WEDNESDAY, JUNE 23 SESSION ABSTRACTS
MES for Continuous Petrochemical Processes
Dr. Arnesh Telukdarie, MES Engineering Manager; Sasol
Ugan Maistry, Managing Director; EOH Mining & Manufacturing
The packaging of a holistic, conceptual MES solution for the petrochemical company Sasol, was outlined at MESA's 2008 European Conference. This conceptual framework has since enjoyed bi-directional evolutionary intensification. This includes significant development into a pre-engineered solution for Greenfields (proposed) operations and the part implementation at Sasol's Brownfields (existing) operations.
Attendees will learn about the challenges and successes relating to the Brownfield implementation, experience relating to integration, technology, etc. The Greenfield experience includes the engagement of integrators for the purpose of pre-engineering solution delivery.
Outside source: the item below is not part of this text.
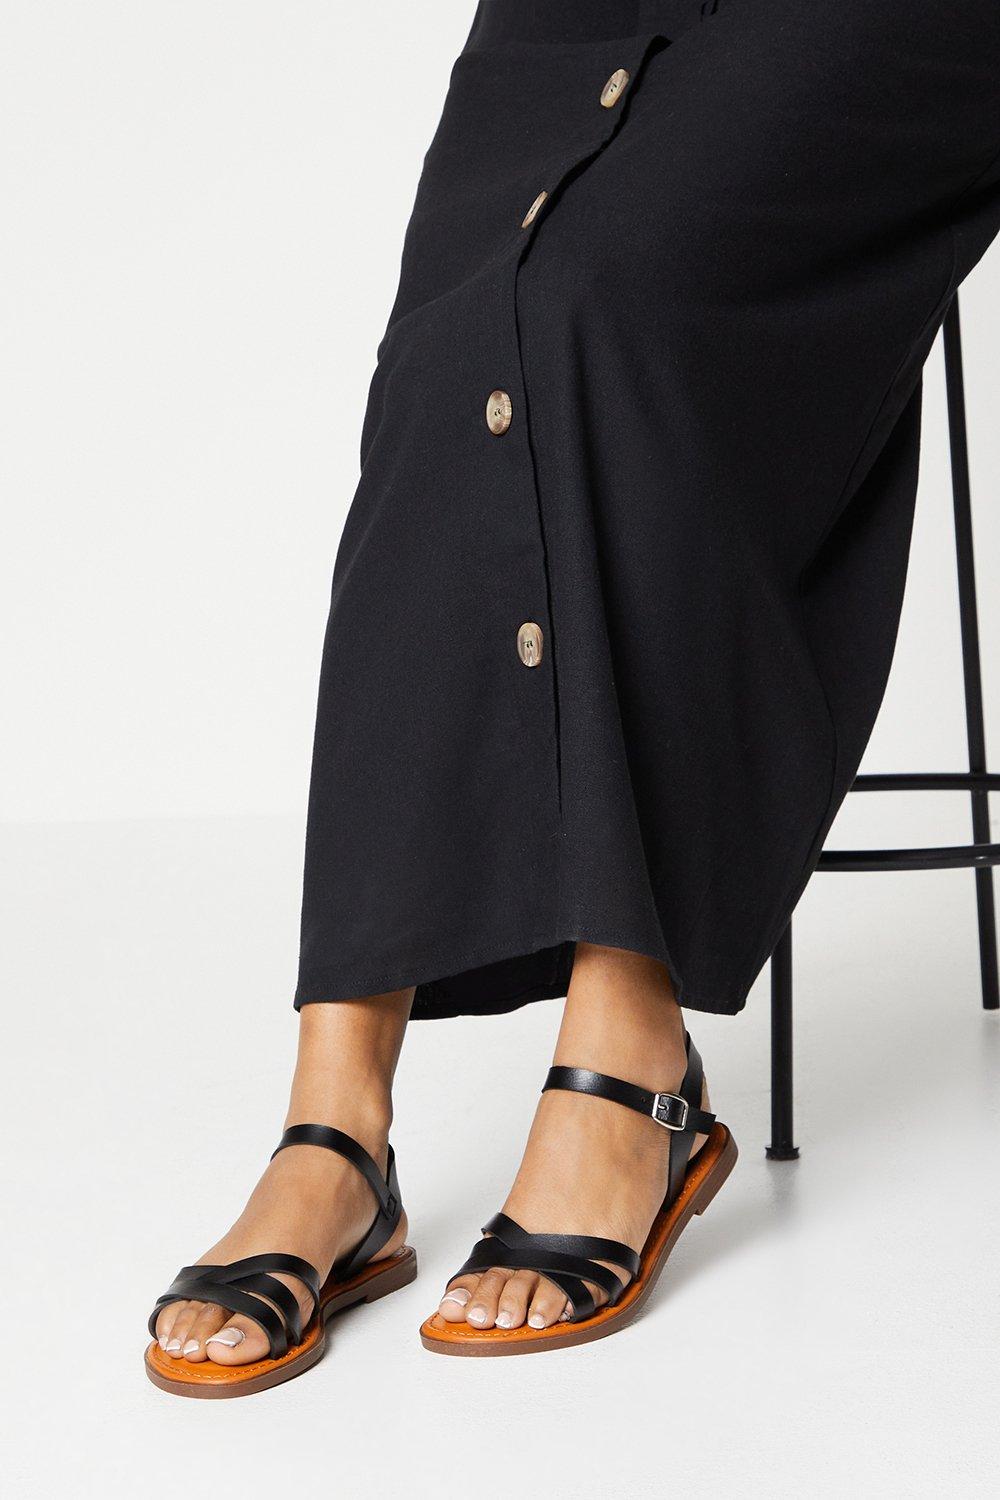 Women’s Good For The Sole: Melanie Comfort Cross Strap Flat Sandals - black - 7

Further experiences relating to business requirements gathering and process cross referencing will be presented. Project management and associated considerations will be discussed and mitigating approaches reviewed.
The key aims of a pre-packaged solution relative to the role out status will be presented and the MES CoE's pre-packaged solutions benefits will be analyzed and discussed.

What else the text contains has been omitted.